The masterclass will convene this year on 12-16 April, 16-20 August and 1-5 November, and will feature Australian Sinologist Geremie Barmé as a keynote speaker. Barmé developed the idea of ‘New Sinology’ as a model for studying China, a model that stresses the importance of the ability to read, write and speak Chinese for true China literacy.
But how well positioned is New Zealand’s policy making ecosystem in terms of true China literacy? Is the bench deep enough to provide for a multitude of China-literate voices to meaningfully debate and develop good China-focused policy independent from our betterresourced allies and strategic partners?
“That expertise is needed more than ever,” assert the dictionary’s editors. “Chinese ideas are increasingly making their way into UN documents, where international norms and principles such as the rule of law, human rights and democracy are imbued with new meaning and “Chinese characteristics”.
Changing meaning
According to editors Malin Oud and Katja Drinhausen, any of the concepts discussed in the dictionary filtered into the Chinese official CCP language in the decades of ‘reform and opening’ that commenced in 1979. In the 1980s and 90s there was a prevailing sense among Western commentators that reform and opening would lead to a convergence of values.

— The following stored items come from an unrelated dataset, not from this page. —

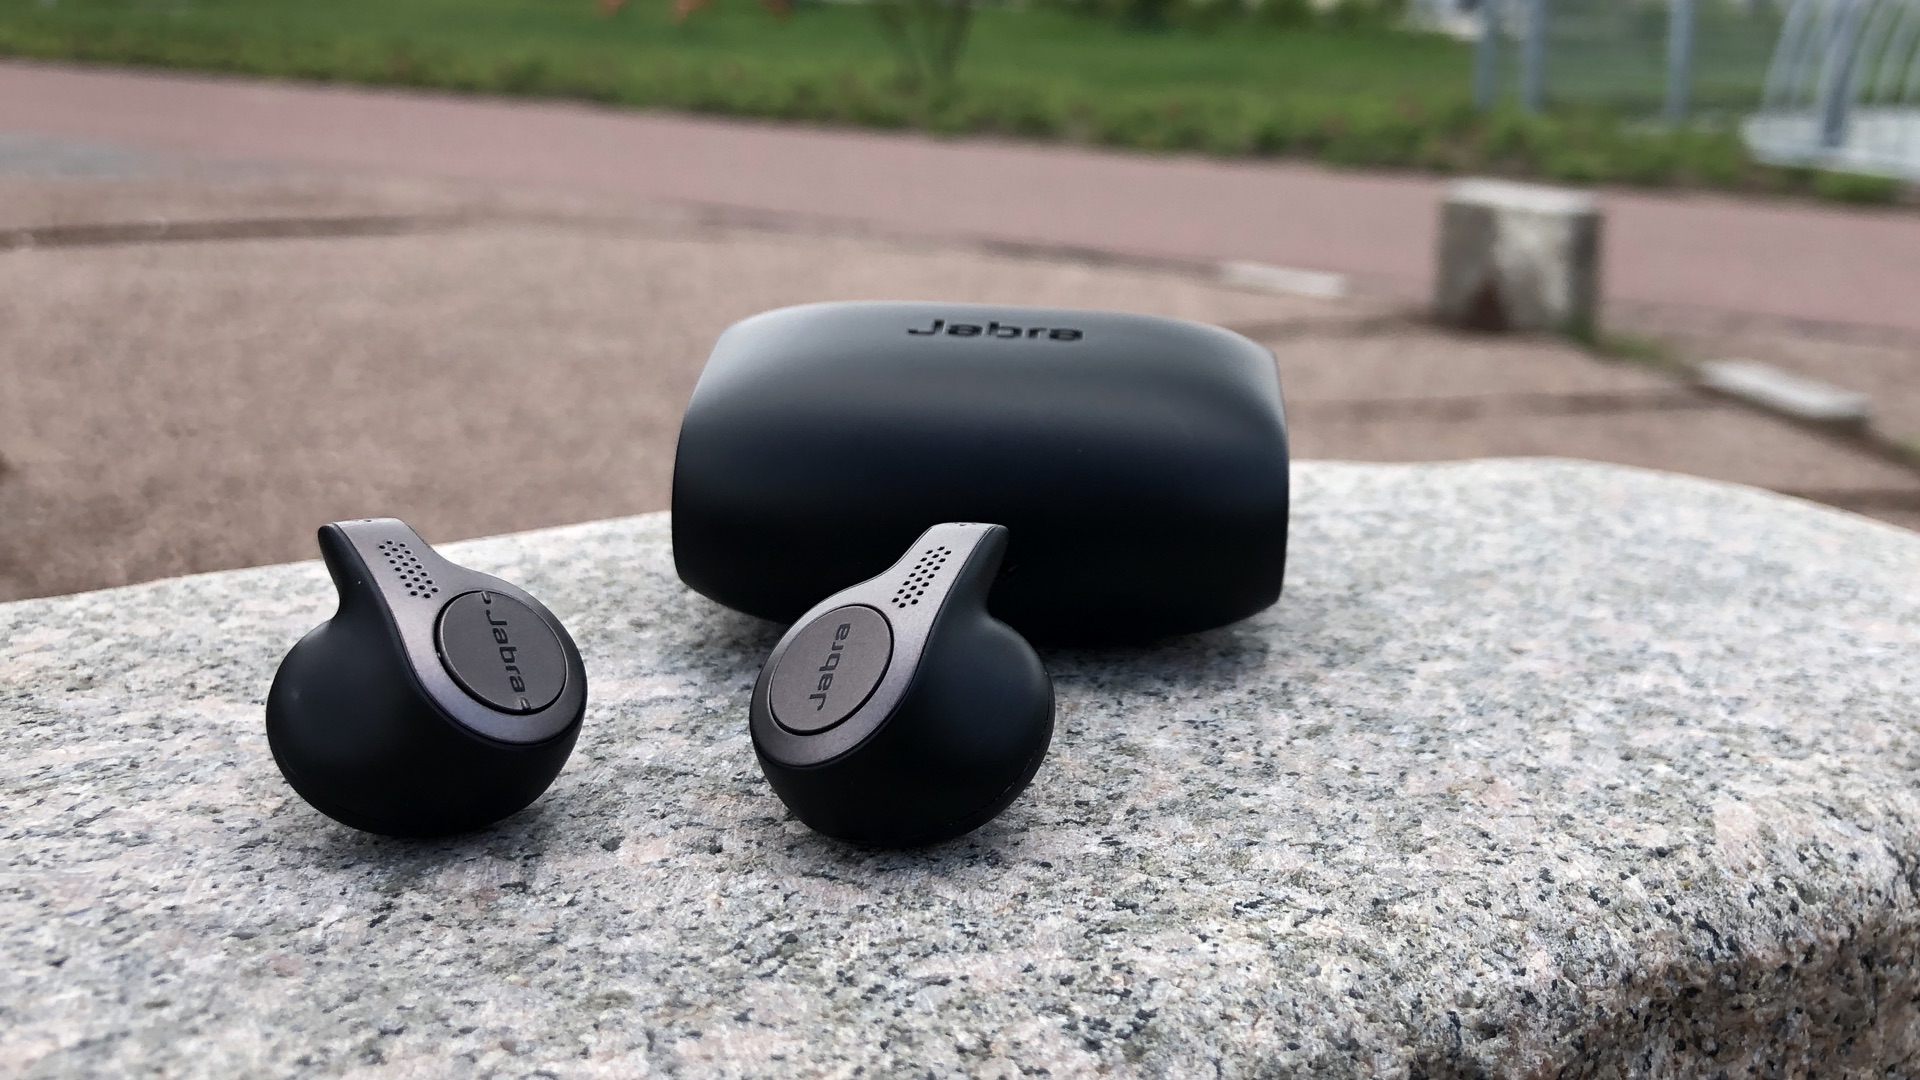 Jabra Elite 65t true wireless earphones review: A true AirPod alternative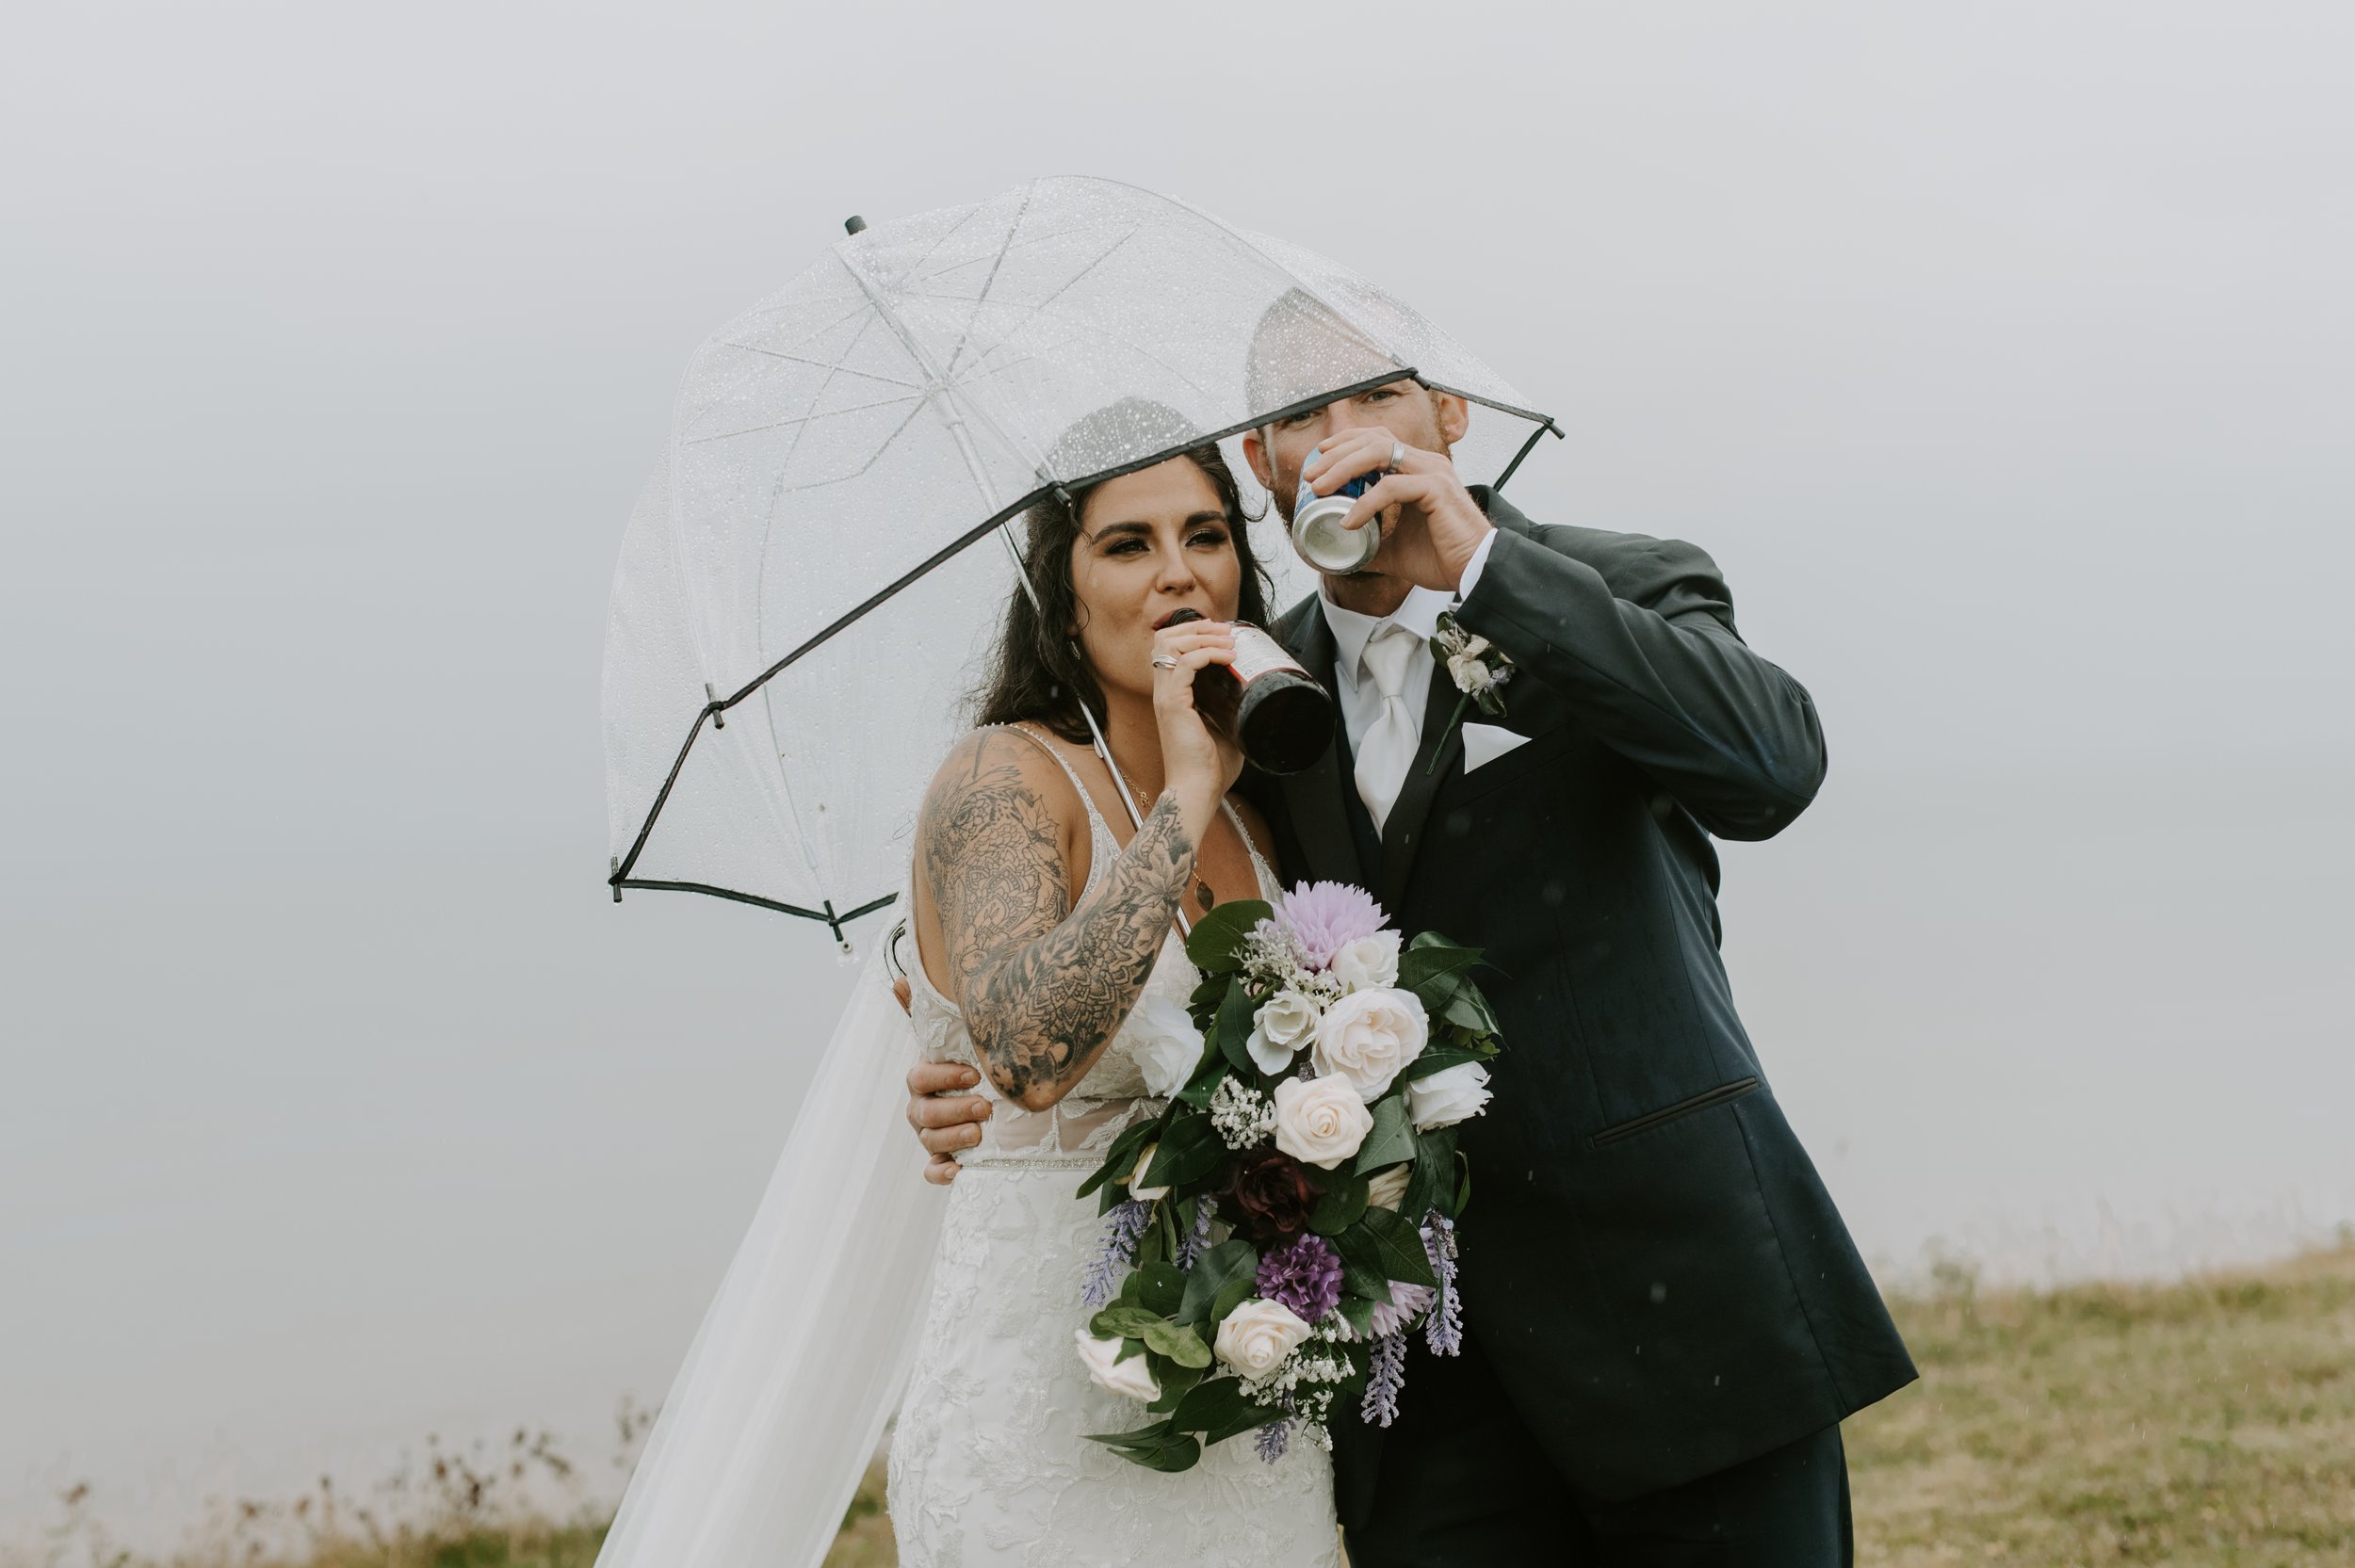 PEI Wedding photographer - Michaela Bell Photography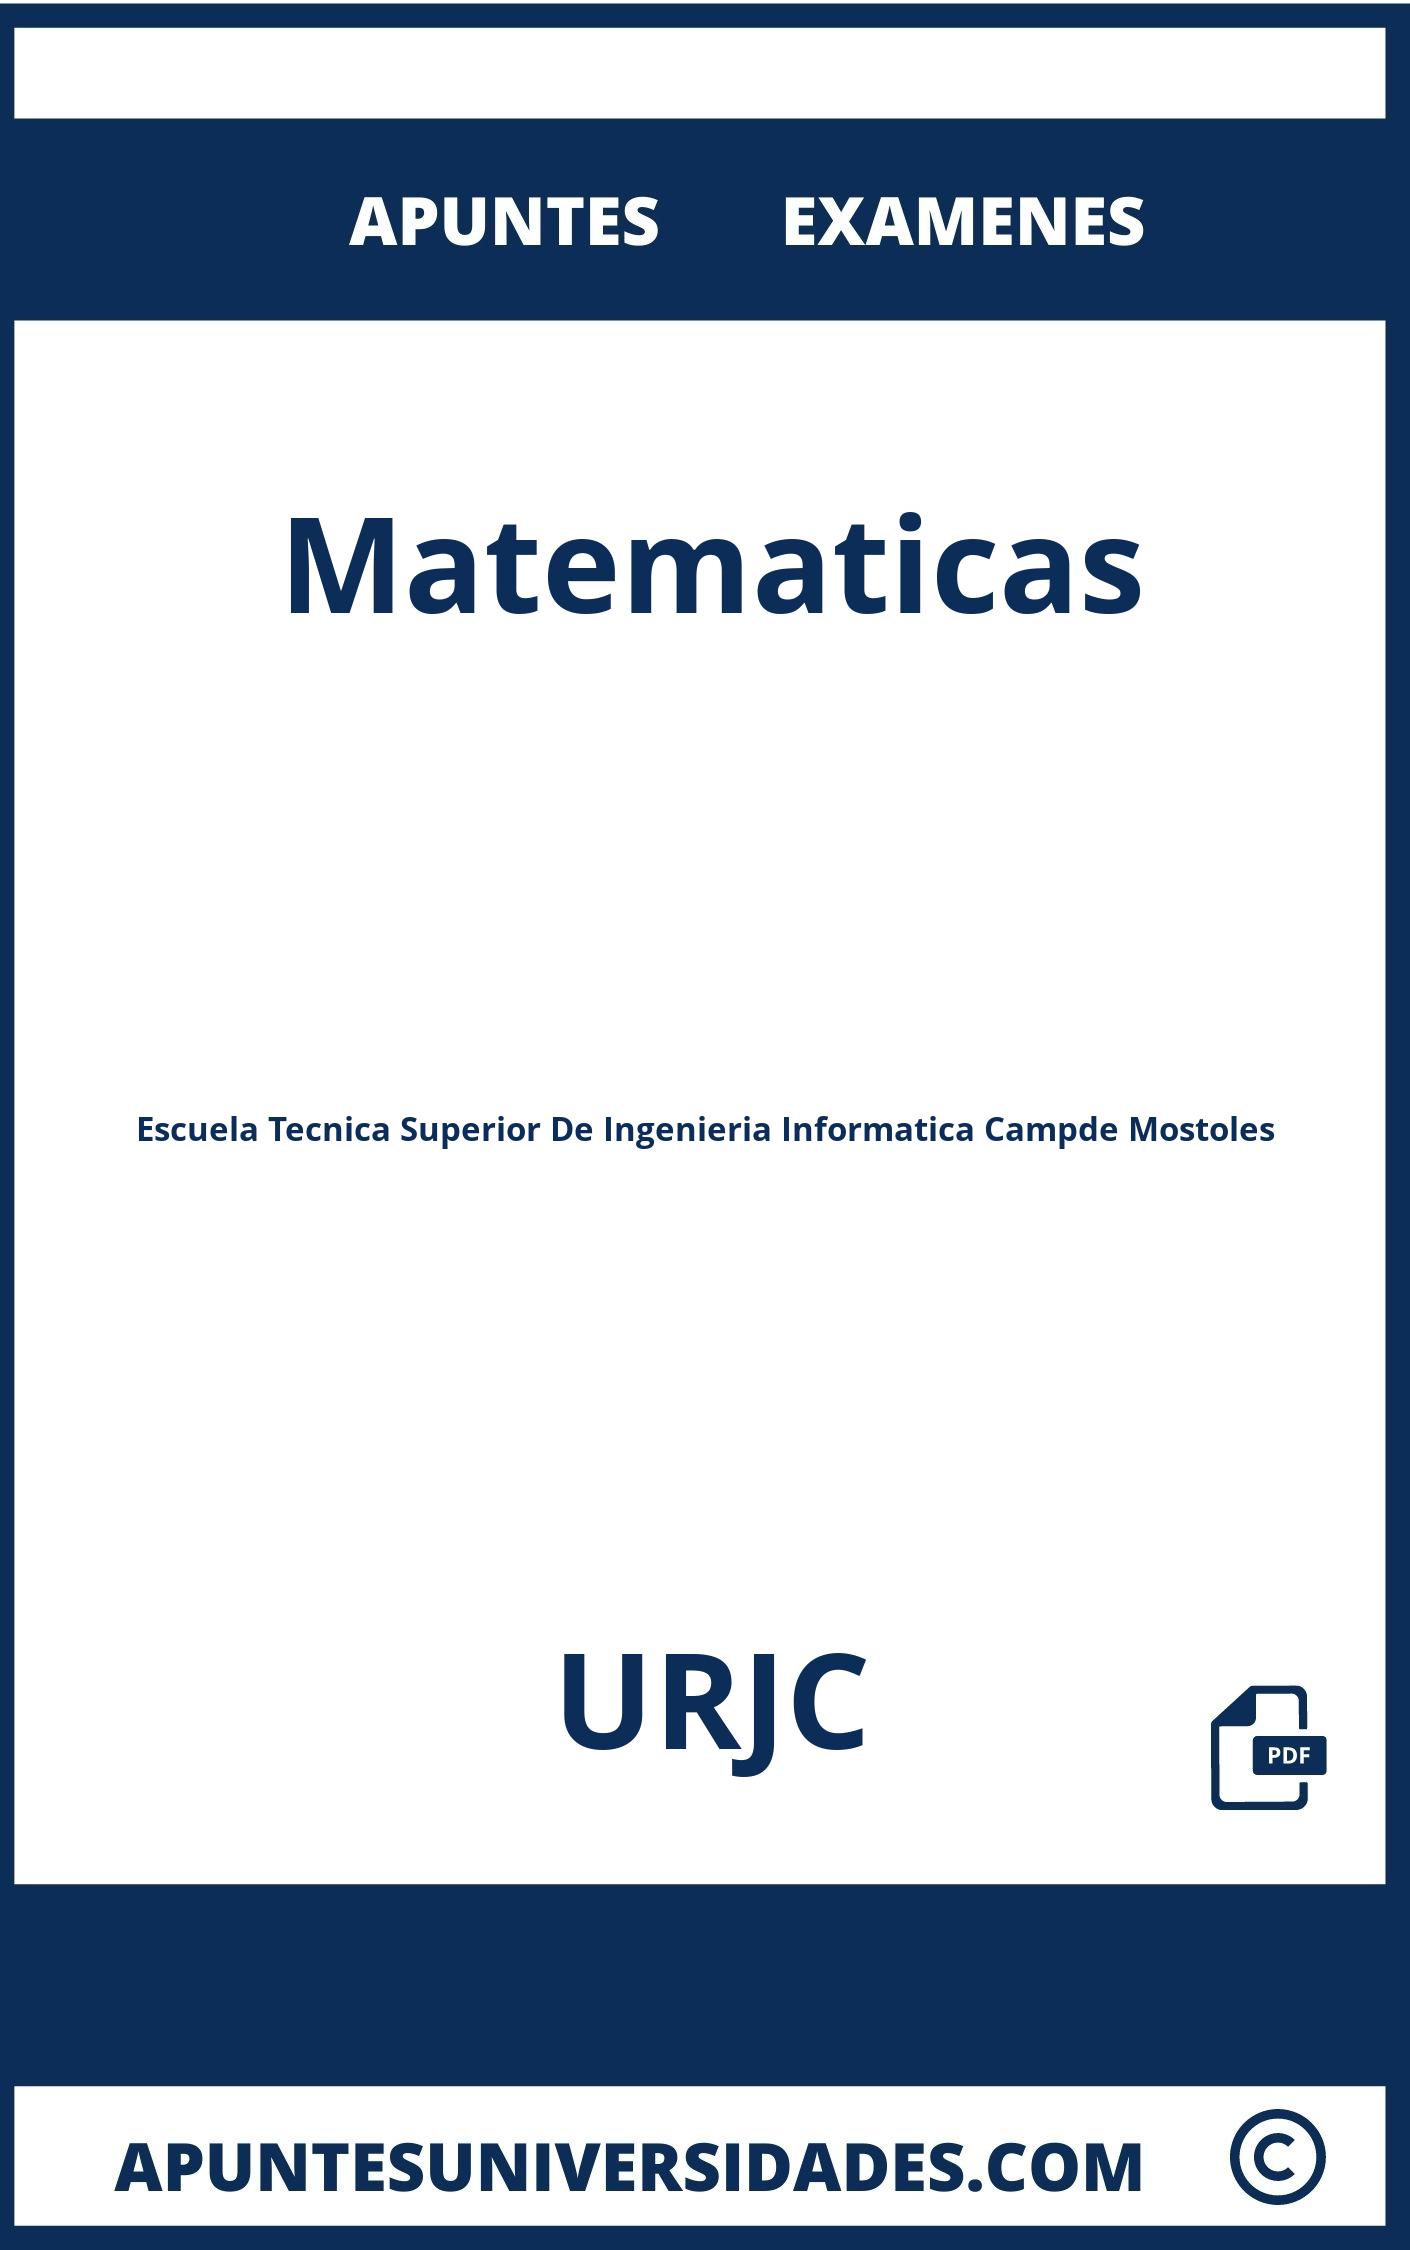 Apuntes y Examenes Matematicas URJC

“When Hong Kong was returned to China in 1997, it was hoped that a further convergence of values and systems would occur. And indeed, the term human rights was introduced in the Chinese Constitution in 2004, hailed as a new era of constitutional rights protection. Democracy, freedom and the rule of law are now part of the canon of core socialist values being promoted under Xi Jinping.”
“At the same time, these concepts have undergone a major revamp to make them compatible with the CCP’s political and ideological system. Under Xi, measures to define and safeguard a Chinese value system not reliant on liberal ideas have intensified.”
As the dictionary’s editors point out, Chinese officials are now told to guard against constitutional democracy, universal values and civil society in their liberal sense, and that liberal or “Western” values are a threat to China’s unity and political stability.
According to Oud and Drinhausen, China’s rise in a multipolar world means increasing competition over international values and standards.
“The rules-based world order and multilateralism rely on a global consensus on what the norms underpinning the international system entail. When the meaning of terms like the rule of law, human rights, democracy and sovereignty become blurred, international norms are undermined.”
“To enable informed engagement with their Chinese counterparts, European actors need to be able to understand the official Chinese meaning of frequently invoked concepts and key terms in international relations and development cooperation.”
For the same reason, The Decoding China Dictionary would be a worthwhile addition to New Zealand Government foreign policy reading lists.